*Problem statement*:
Nothing but an exact copy is asked for: the lines in the material below from the one with "KIEV - RUSSIE - Eglise SAINT ANDRE" through the one with "woman using telephone", pictures excluded.

*Given entries*:
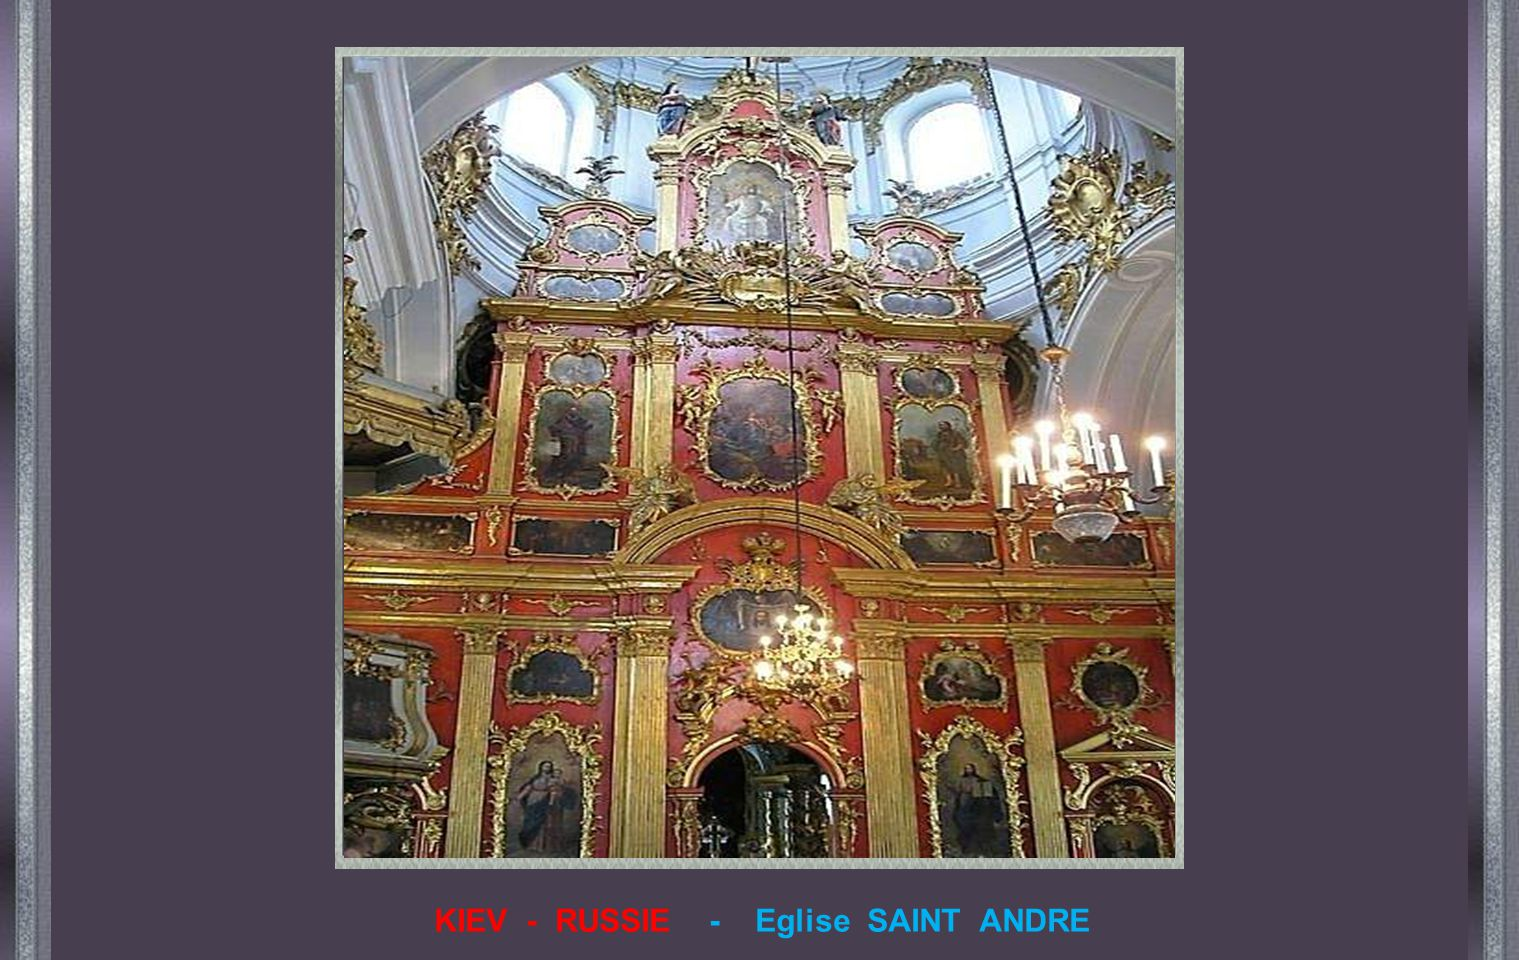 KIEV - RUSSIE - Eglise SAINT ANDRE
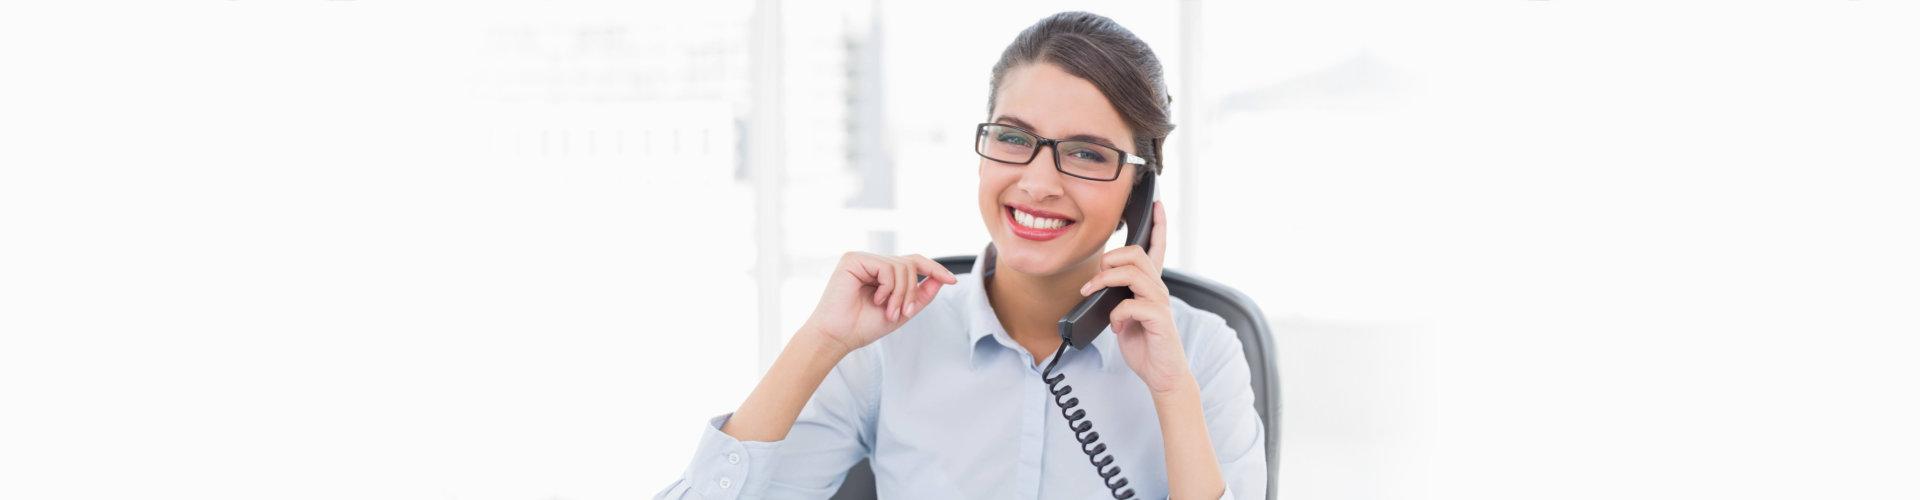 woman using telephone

---

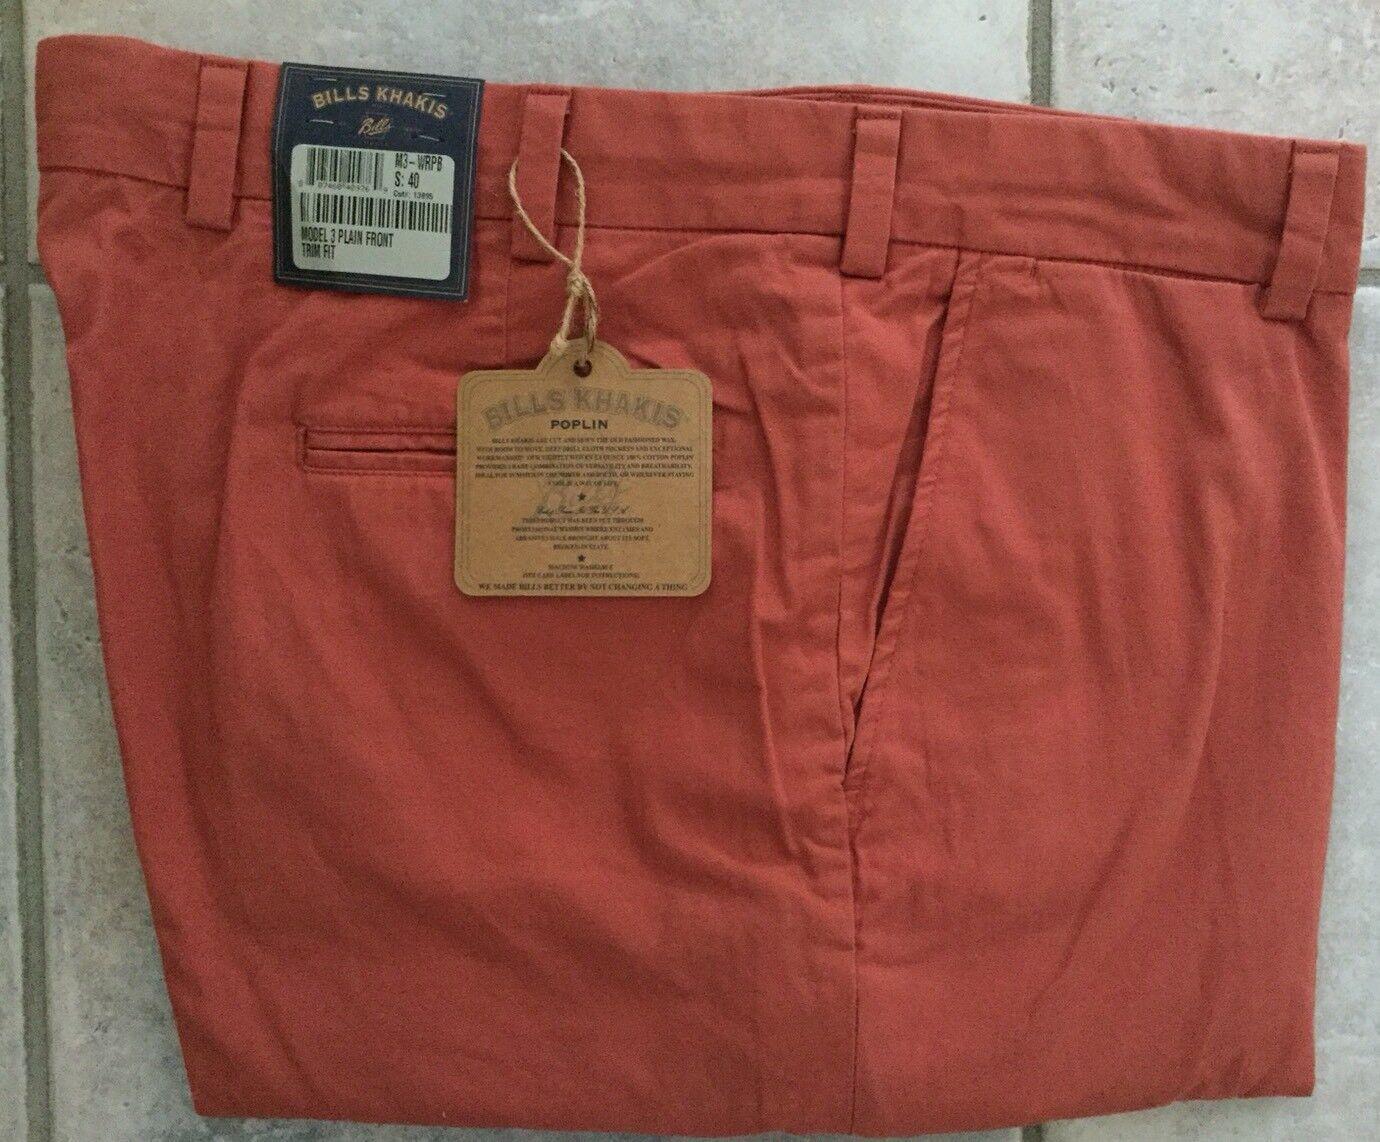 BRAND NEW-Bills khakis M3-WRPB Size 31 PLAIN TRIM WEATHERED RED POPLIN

*Written response*:
 KIEV - RUSSIE - Eglise SAINT ANDRE
 woman using telephone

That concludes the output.